Prototype dive bomber by Arado

The Arado Ar 81 was a German prototype dive bomber. Because the Reich Air Ministry decided to purchase the competing Junkers Ju 87, only three prototypes of the Ar 81 were completed.

==Background==
In 1934, the Reich Air Ministry or RLM (Reichsluftfahrtministerium) initiated two parallel programmes to build new dive bombers for the German air force, to replace the Heinkel He 50. The first, the so-called Sofort or immediate program, aimed to develop an interim dive bomber, and resulted in the production of the Henschel Hs 123. The second, Sturzbomber program, aimed to produce a more definitive aircraft. In January 1935 the formal requirements for this were sent to German aircraft manufacturers. These had been written around the Junkers Ju 87, of which the first prototype was already under construction. Indeed, the Luftwaffe had already given Junkers an order for 118 aircraft. Nevertheless, two manufacturers received an order to deliver three prototypes of their competing projects: The Heinkel He 118 and the Arado Ar 81. The Blohm & Voss Ha 137 competed as a private venture.

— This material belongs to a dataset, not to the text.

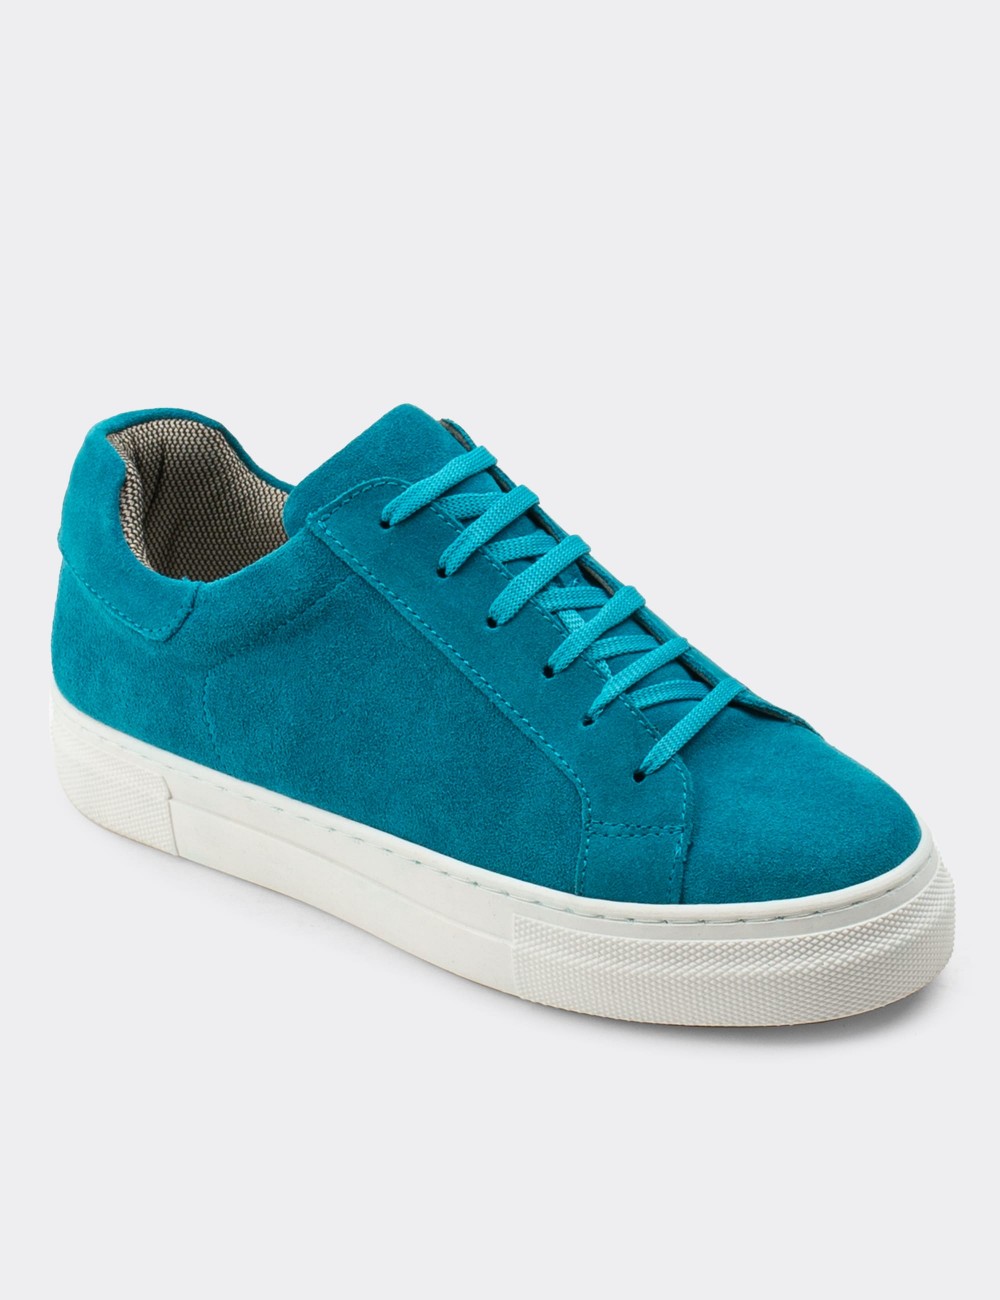 Turquoise Suede Leather Sneakers - Z1681ZTRKC01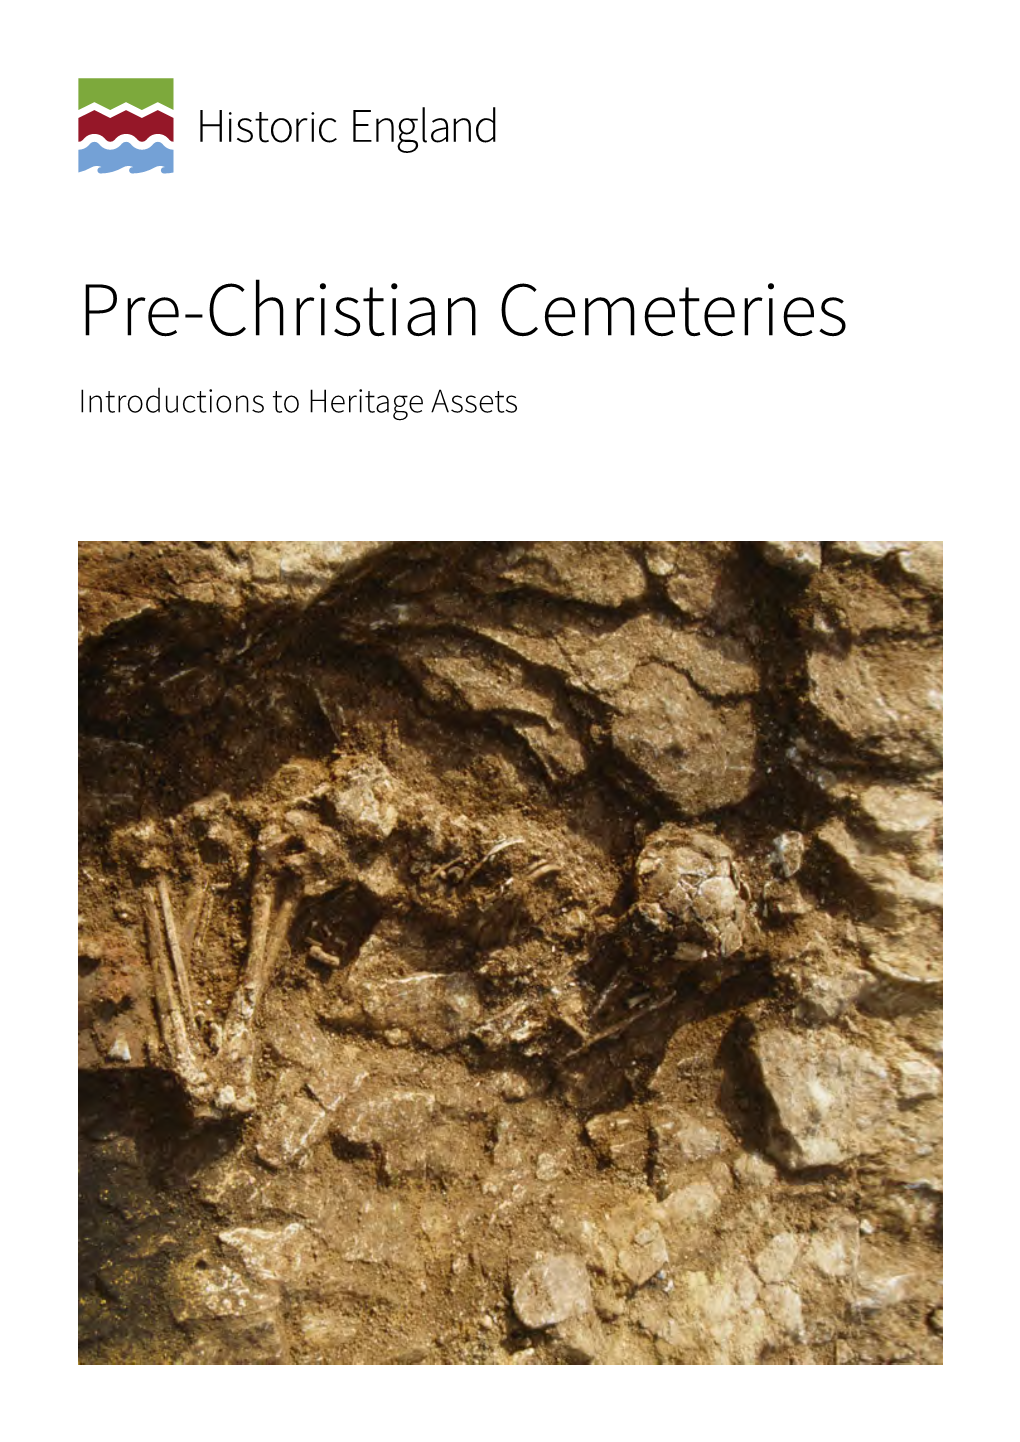 Pre-Christian Cemeteries Introductions to Heritage Assets Summary

==Design and development==
The Ar 81 was the only one of the competitors to be conceived as a biplane. Reportedly this was on the advice of Ernst Udet. There seems to have been some doubt at Arado about the use of this outdated configuration, for alternative designs were made for a monoplane with an inverted gull wing. However, in the end the Ar 81 was built as an all-metal biplane. It was a pleasant design, which looked rather more streamlined than the first prototype of the Ju 87, and was slightly smaller and lighter. The slender fuselage had a closely cowled Junkers Jumo 210C engine in front, with a large radiator bath below it. The wings were relatively short in span and connected by N-struts outboard. Behind the wings, the crew of two sat in a roomy cockpit with a semi-enclosed canopy, back to back. The rear of the cockpit canopy was open to allow the gunner to freely aim his defensive machine gun. The fixed main landing gear legs were fitted with streamlined covers and spats for the wheels.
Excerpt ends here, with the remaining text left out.